Exercise details => Starting at the first line of the records and stopping at the line that contains "All i have in", transcribe every line exactly and leave out the pictures.

(Collection entries)
===============
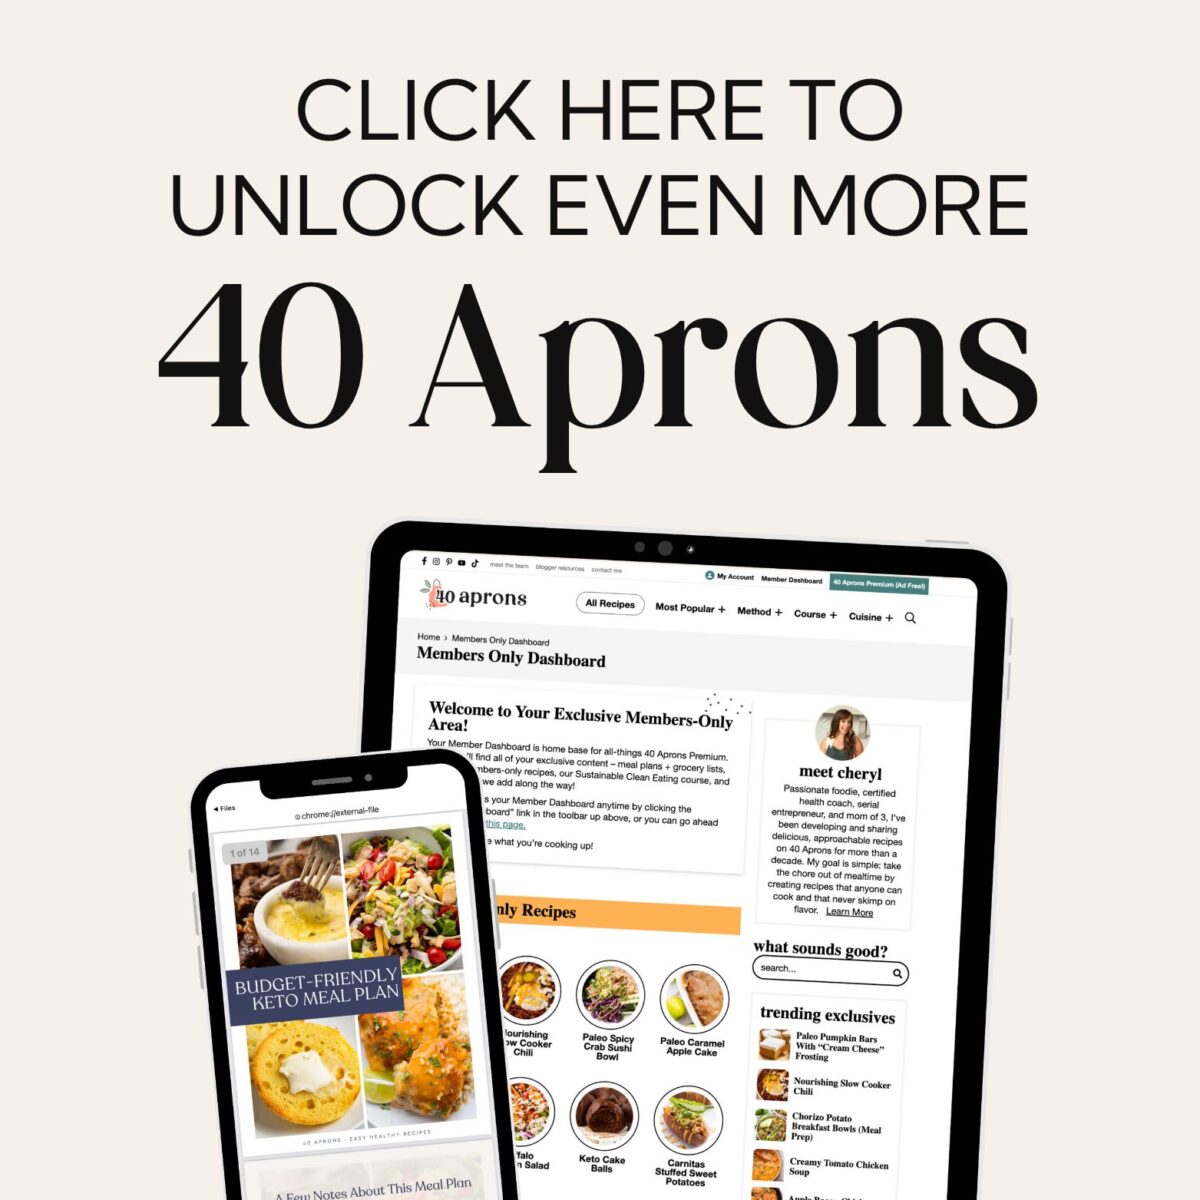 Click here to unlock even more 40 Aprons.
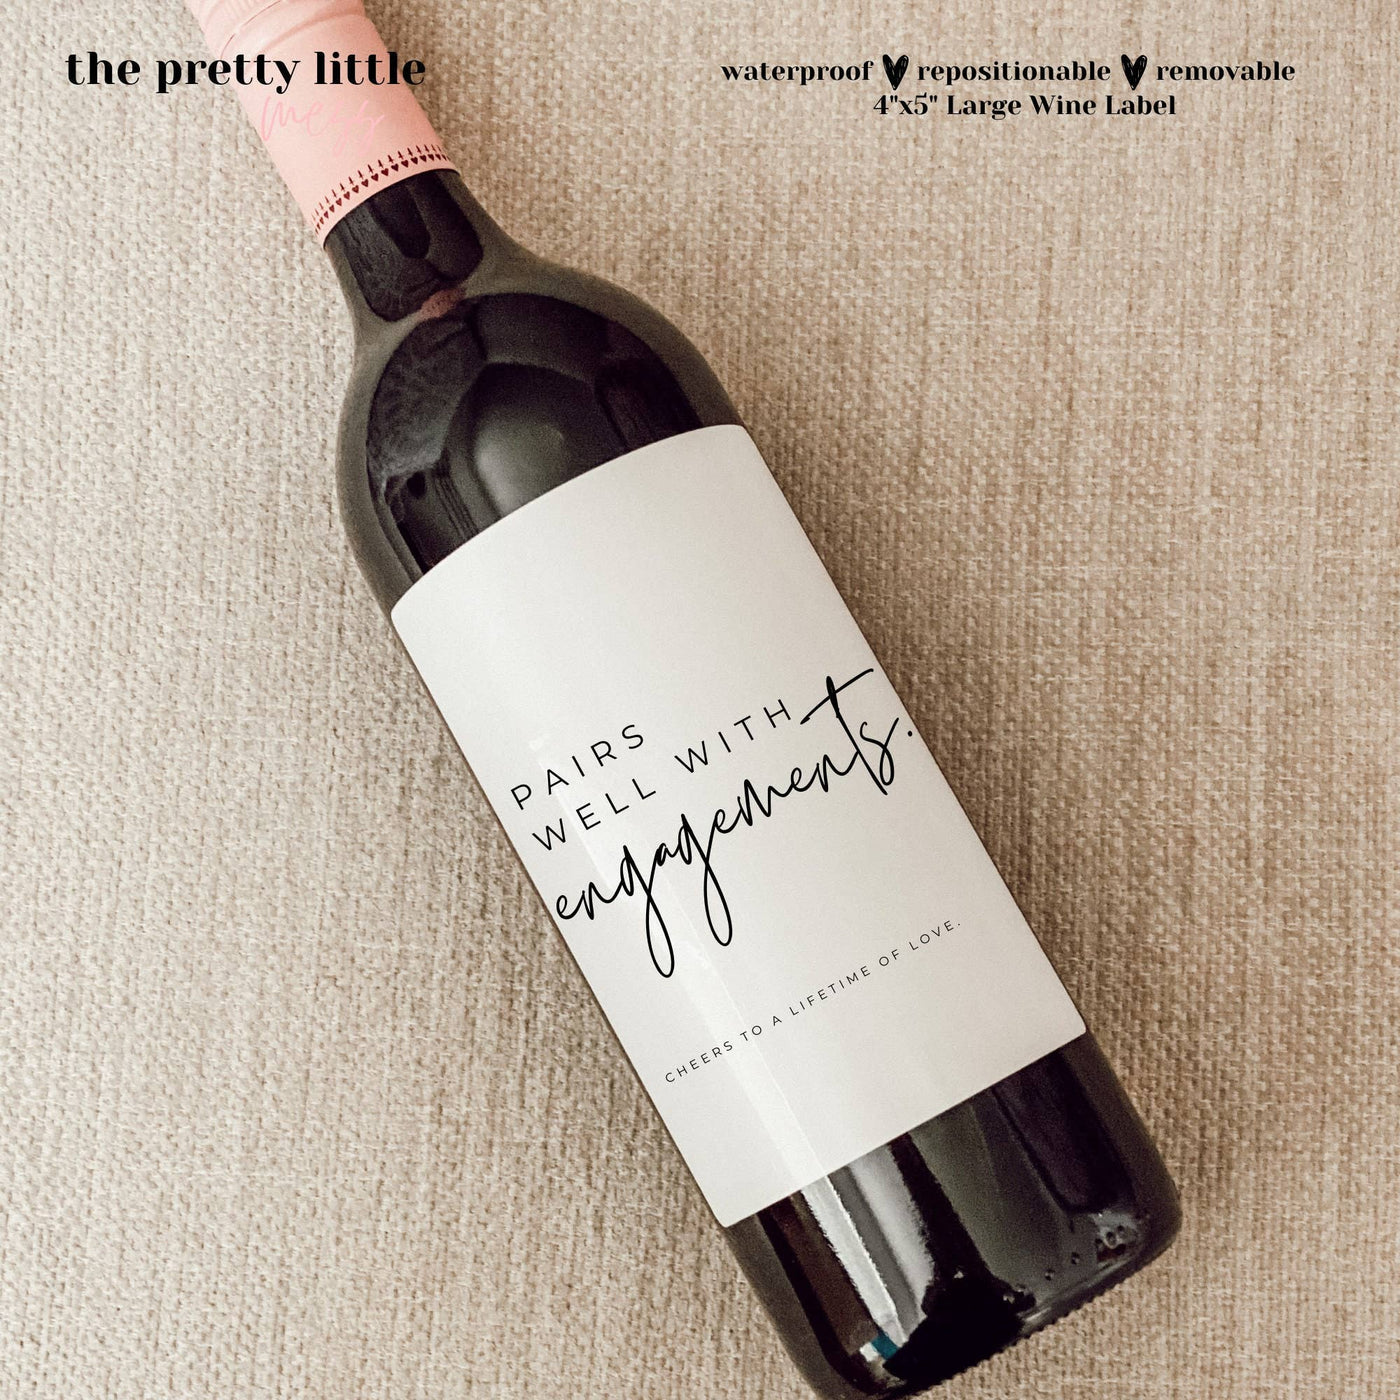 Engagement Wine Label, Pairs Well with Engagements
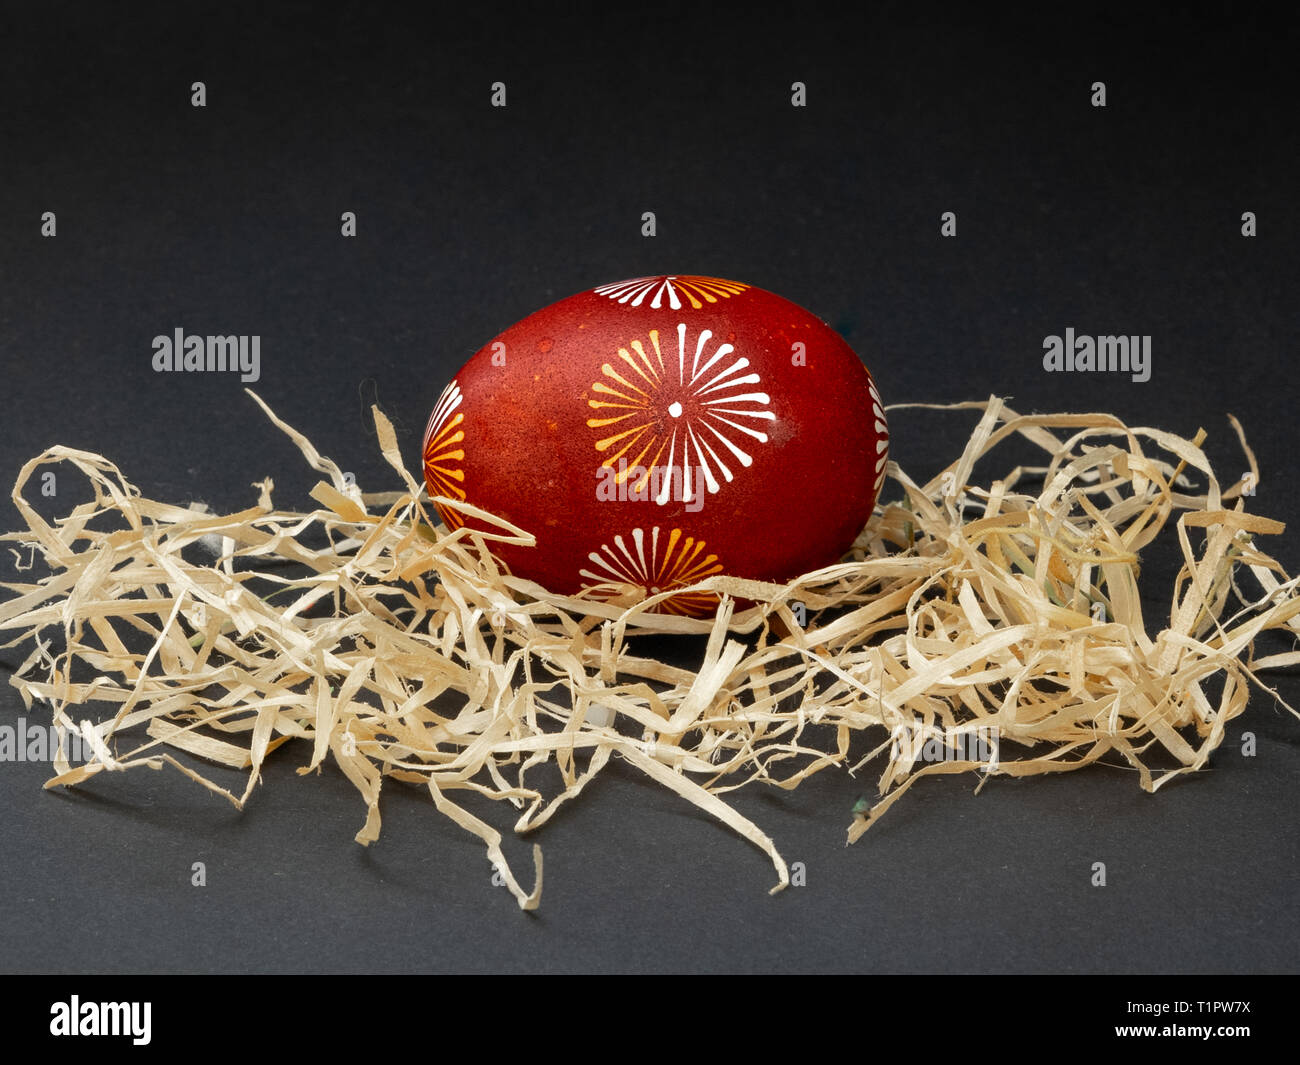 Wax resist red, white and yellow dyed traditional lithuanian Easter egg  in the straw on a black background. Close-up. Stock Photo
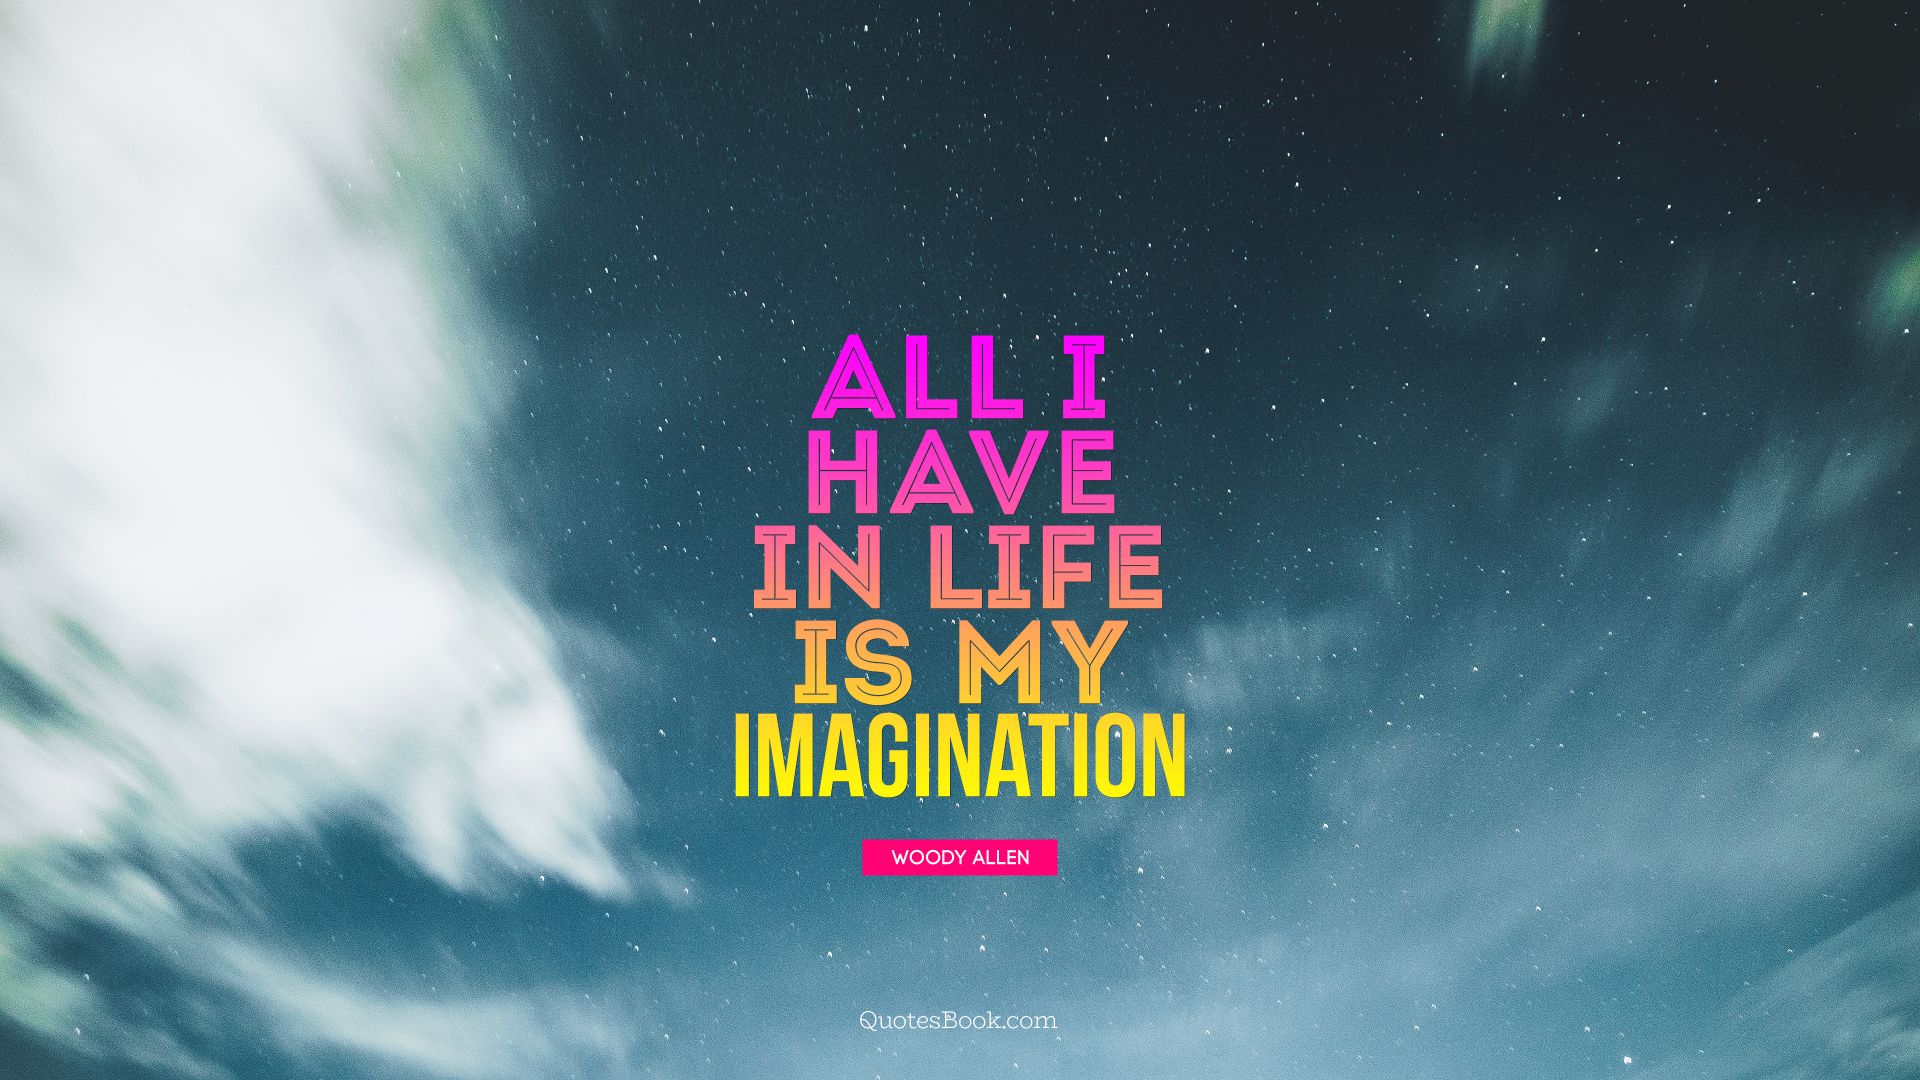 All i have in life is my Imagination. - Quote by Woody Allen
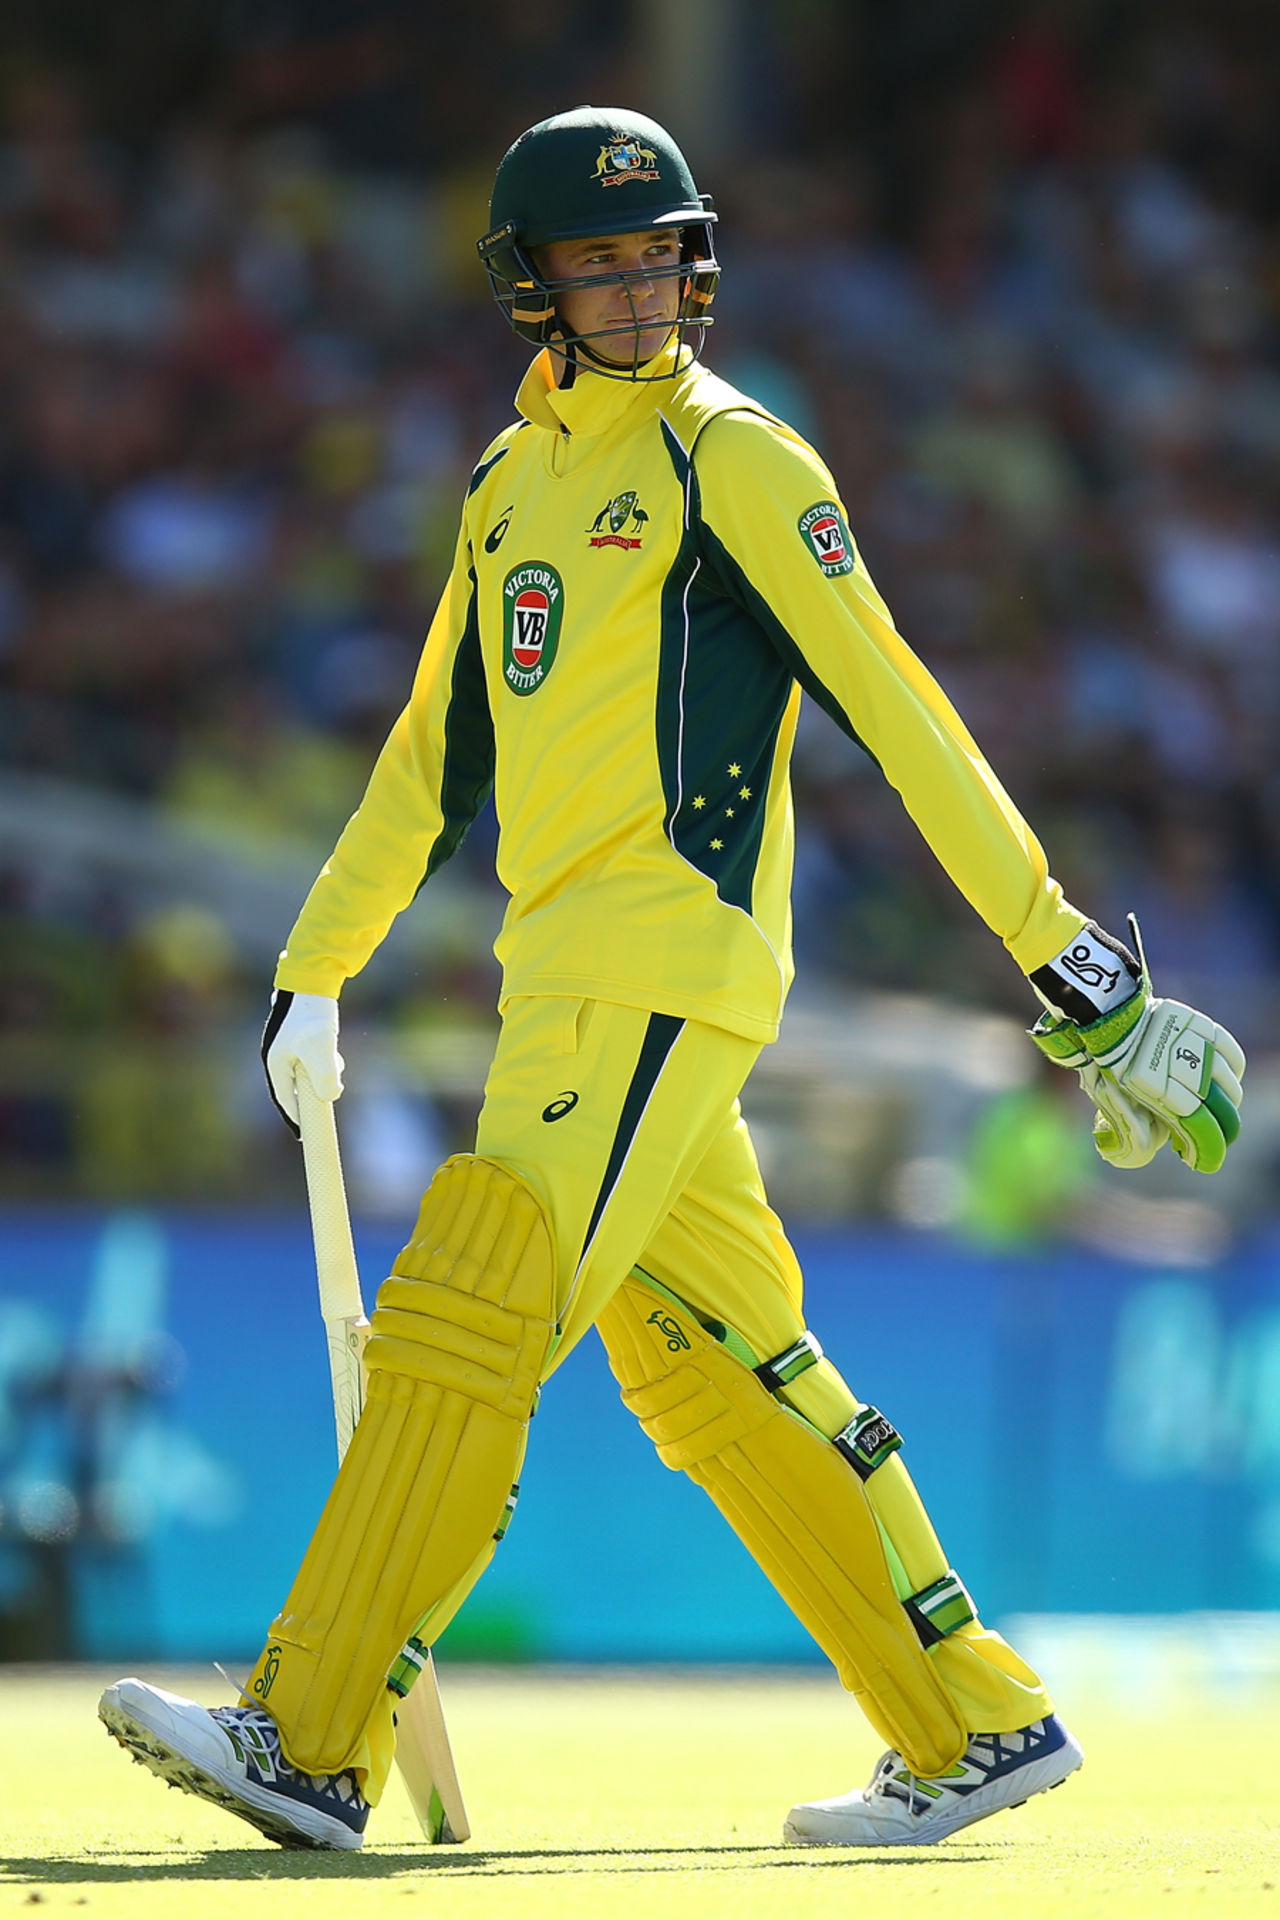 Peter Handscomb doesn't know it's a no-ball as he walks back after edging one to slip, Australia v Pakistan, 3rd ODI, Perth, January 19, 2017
===============
Solution to the exercise =>
 Click here to unlock even more 40 Aprons.
 Engagement Wine Label, Pairs Well with Engagements
 Wax resist red, white and yellow dyed traditional lithuanian Easter egg  in the straw on a black background. Close-up. Stock Photo
 All i have in life is my Imagination. - Quote by Woody Allen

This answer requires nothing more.